Last Update: 18:34
Greece has made a return to the financial markets, by selling €3 billion worth of its new five-year bond, at a yield (or interest rate) or 4.625%.
That’s lower than the 4.95% that Greece last sold five-year bonds for, in 2014.
Government officials say that 200 bids were received, a sign that confidence is returning.
A government official says the sale was an “absolute success,” adding: “It reaffirms the positive trajectory of the Greek economy which is making steady steps to exiting crisis and bailout programmes.”
There is already talk of further sales in the months ahead.
Finance Minister Euclid Tsakalotos said Tuesday’s bond sale was “a beginning” and a first sign of confidence in the country’s economy.
He said Greece remained focused on August 2018 to exit its worst crisis in decades. “From now on, we are focused on August 2018,” Tsakalotos said in a televised statement.
“We know that Greek people have suffered a lot, more than they deserved.” “There will be a second and a third (market foray), to approach August 2018 with confidence and emerge from the bailouts.”
The deal did not attract as much demand as the country’s brief foray into markets in 2014, but Athens looked to have paid less to borrow the same amount, 3 billion euros, Reuters says.
Berlin: Greece must cement trust
“The return of Greece to the capital markets was and is the goal of the ongoing adjustment programme. We therefore welcome the fact that Greece has the chance to return to the market on a step-by-step basis,” a spokeswoman for the finance ministry in Germany, Europe’s biggest economy, said, according to Reuters.

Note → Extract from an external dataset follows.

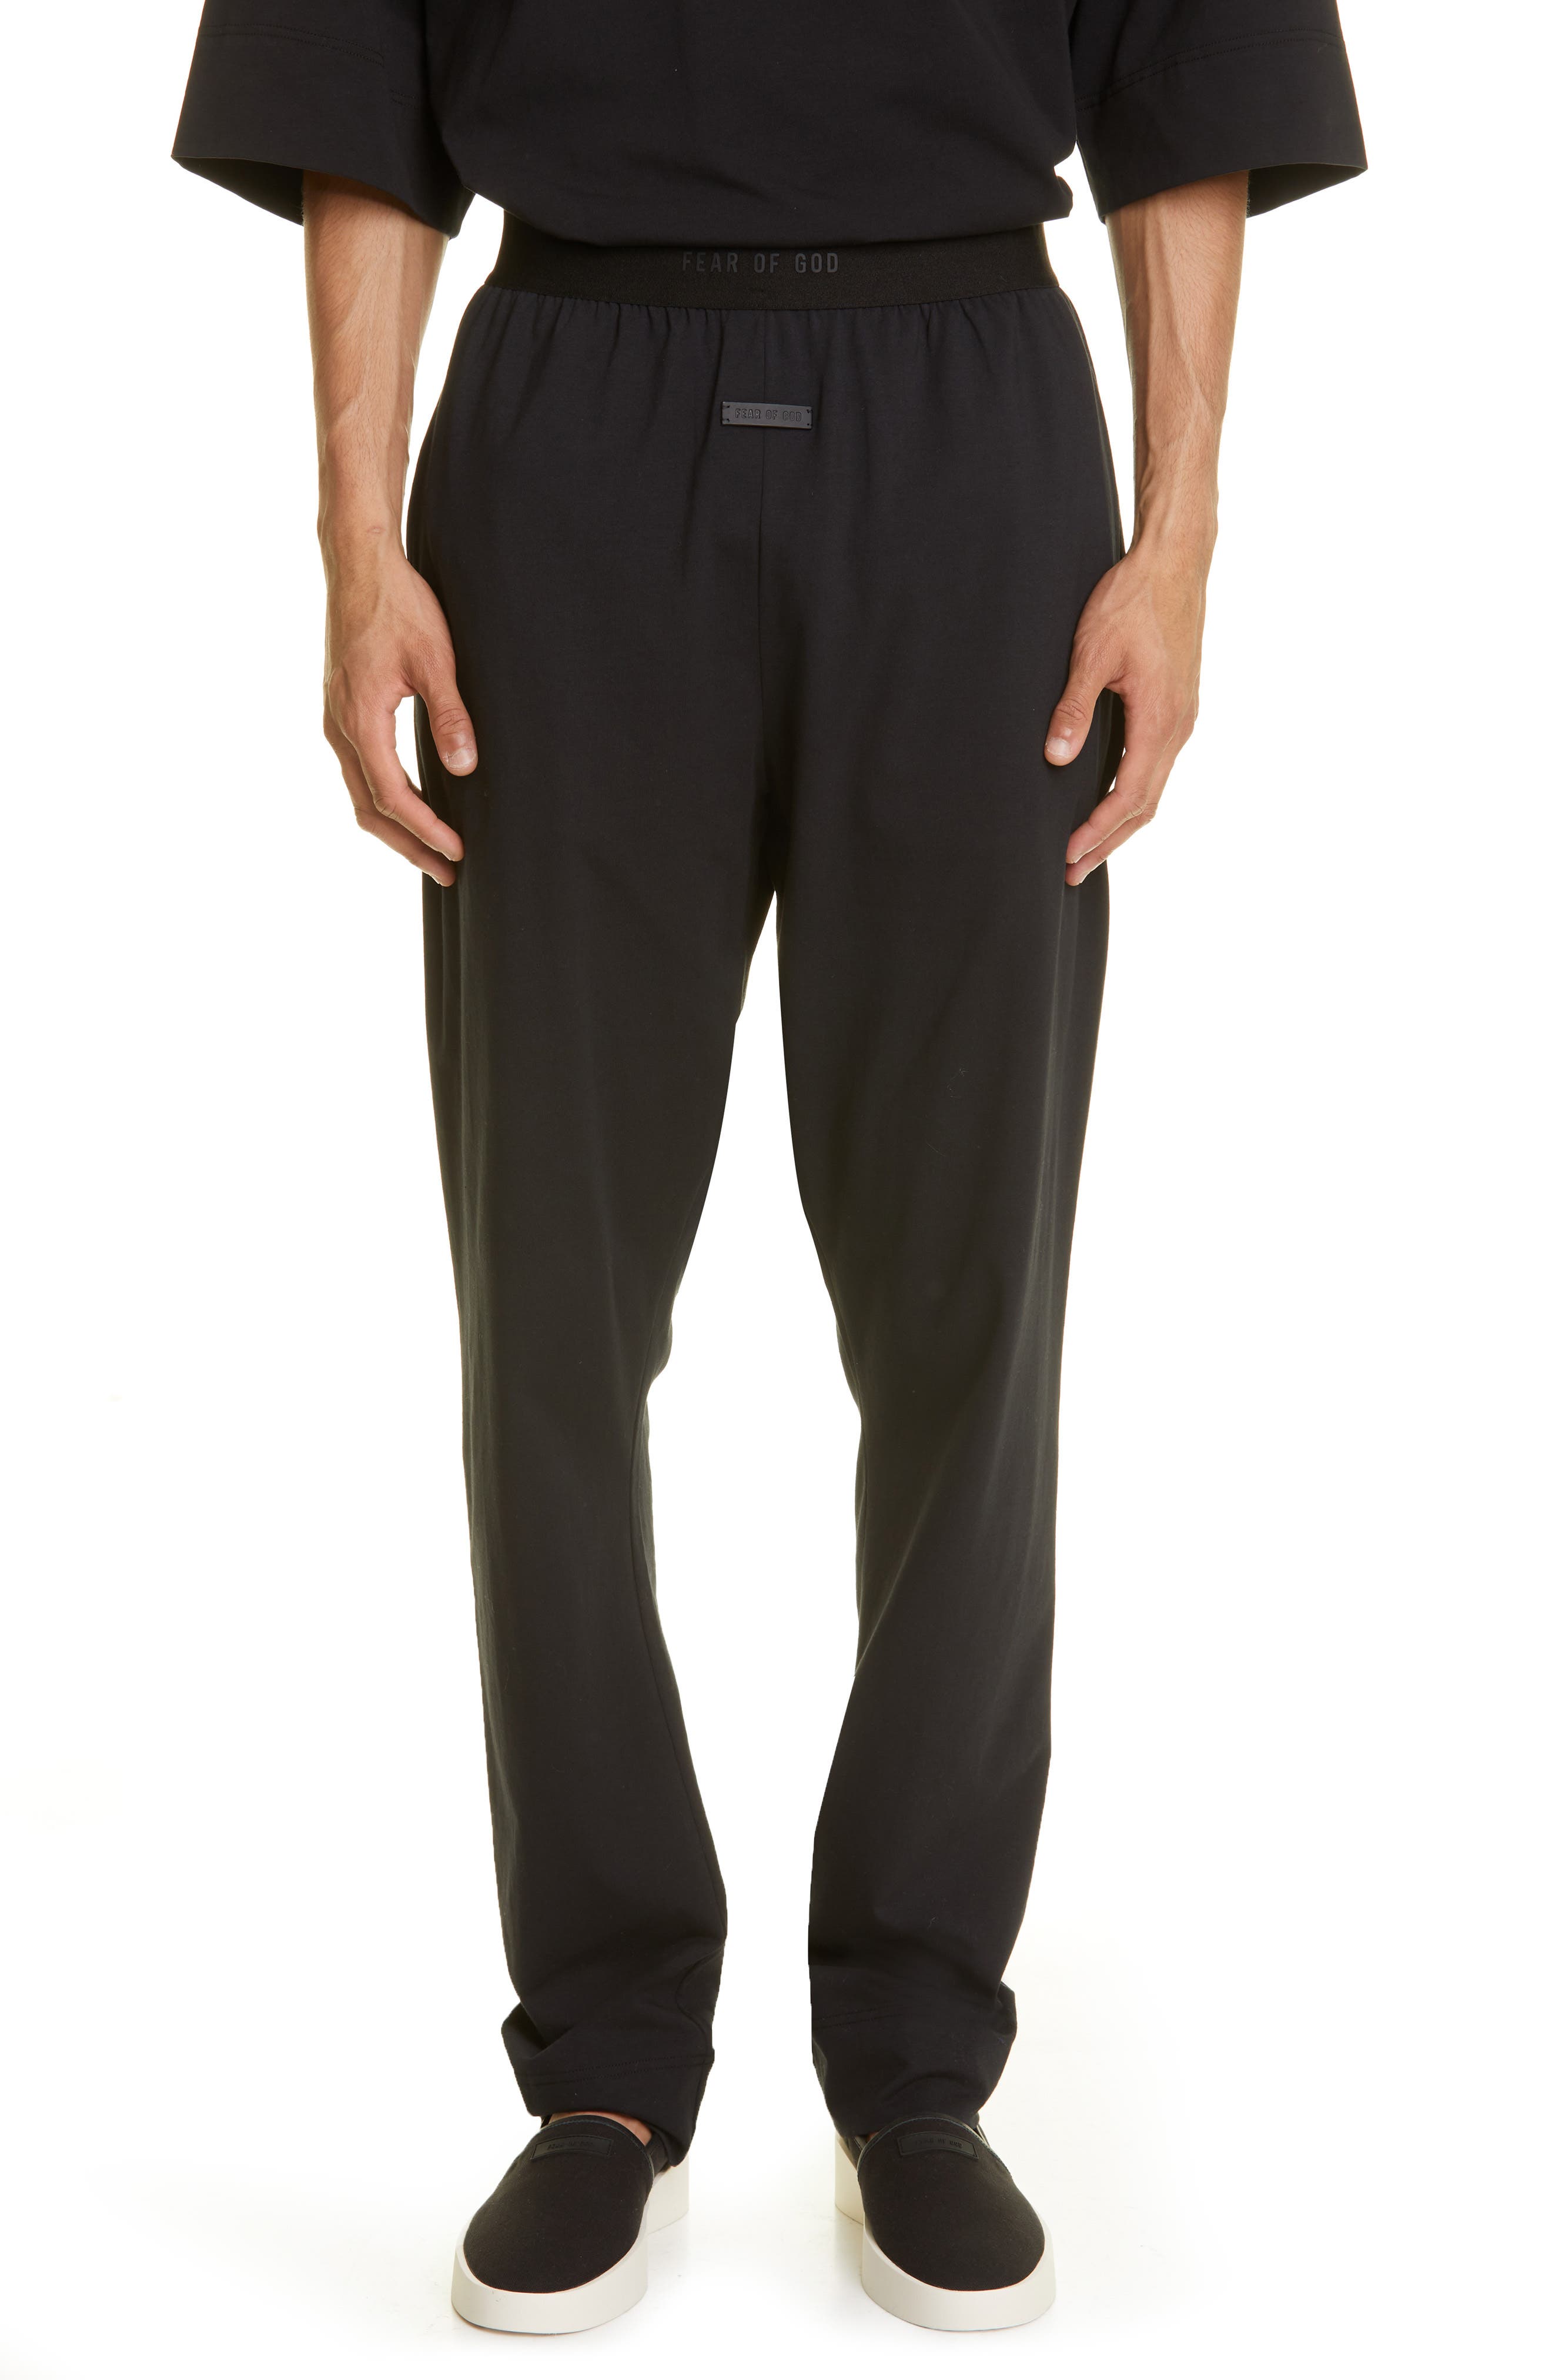 Fear of God Stretch Cotton Lounge Pants in Black at Nordstrom, Size X-Small

“Now it must cement newly won trust, further strengthen reforms and complete the coming third programme review on time,” she said.
Long-term implementation of reforms and credibility were essential to secure the enduring trust of markets, she added.
Analysts said some investors may be put off by Greek government bonds because they have the lowest credit rating in the euro zone and are not being eligible for purchase by the European Central Bank under its quantitative easing scheme.
Greece’s current bailout programme expires in summer 2018. Athens is desperate to avoid a fourth rescue deal, so it is hoping that today’s deal could be the first step towards gaining market access.